Saved by Sheep

                                            

The night had become very cold. There was a fringe of bronze-coloured clouds around the moon; stars glittered icily and frost crackled around us. Where to go for shelter? We could see no buildings, likely or not. Fields and more fields stretched into the distance with no shadow of a barn nor a single lighted window of a farmhouse. We were far too tired to make for the next village, so there seemed nothing for it but to curl up closely together under a hedgerow and shiver the time away until morning.

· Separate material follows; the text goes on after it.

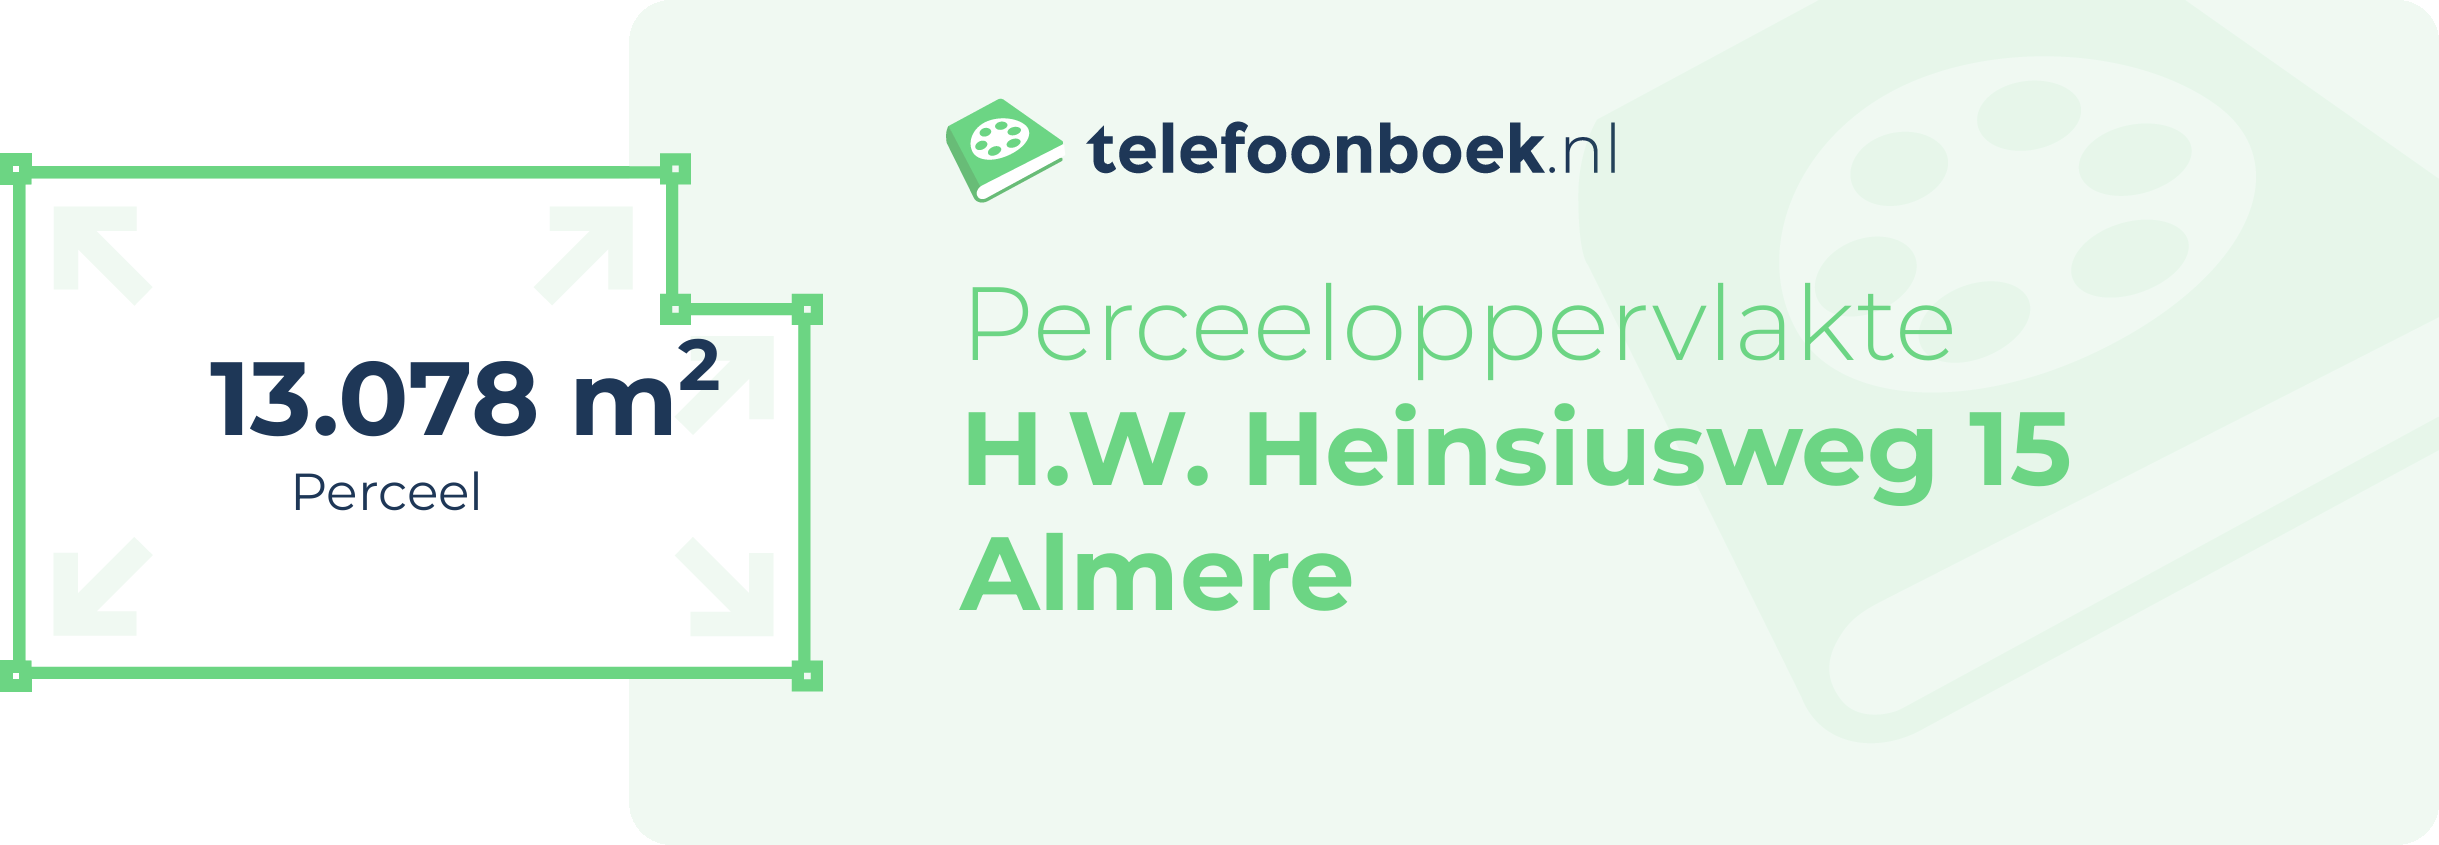 Perceeloppervlakte H.W. Heinsiusweg 15 Almere

Dido was intoning, 'Poor Tom's a cold, poor Tom's a cold', which was her current favourite line from King Lear when, to our shock, another and more sepulchral voice from the other side of the hedge said

'Doubt you'll last the night out in that chilly spot.'

A familiar greasy smell wafted over us. Sheep? But surely sheep don't talk, they just loom and move their mouths about, constantly in a circular motion. Remembering again Mimi's injunction to be brave, but at the same time checking that the hedge was thick and strong, we resisted the urge to run and instead asked tremulously 'Are you a sheep? And were you talking to us?'

'Who else be there?' came the answer. 'Course I be atalking to you, or rather we, the flock be addressing you. Ain't you never bin addressed by sheep before?'

'No,' we said. 'We have been looked at by sheep, very closely in fact, but without a word being exchanged. We thought sheep just munched and loomed and we were rather frightened because of being so much smaller.'

'Oh I see, you bin looked at. Well we sheep is cautious about whom we addresses. We takes our time. We likes to know who it is in our field, and being short-sighted we have to get in close, and being timid we have to keep very tight together when we does look. And our mouths are always going around and around cos that is how we digests our food. But it don't mean we can't talk when we wants to, like just now when we was atelling you as how you'll freeze to death under that there hedgerow. Stiff and stark you'll be by morning.'

At this last part of the speech Dido began mewing piteously. She is a brave little cat but after the shootings and being sick and supperless she had had more than enough trials for one day, and was quite overcome by the thought of being 'stiff and stark', as well as cold.

Her distress had an immediate effect on the unseen communicators behind the hedge. 'Don't you take on so, little traveller. We don't mean you no harm and no more will we let you freeze to death. You come on in here along of us, and we'll keep you warm like you was tucked up in your own bed.'

And that was how we spent the night, guests of a wall of sheep that had loomed over us, closer and closer, the ends of the wall bending around until we were in the centre, almost asphyxiated by the smell, but deliciously warm and comfortable between the soft fleeces.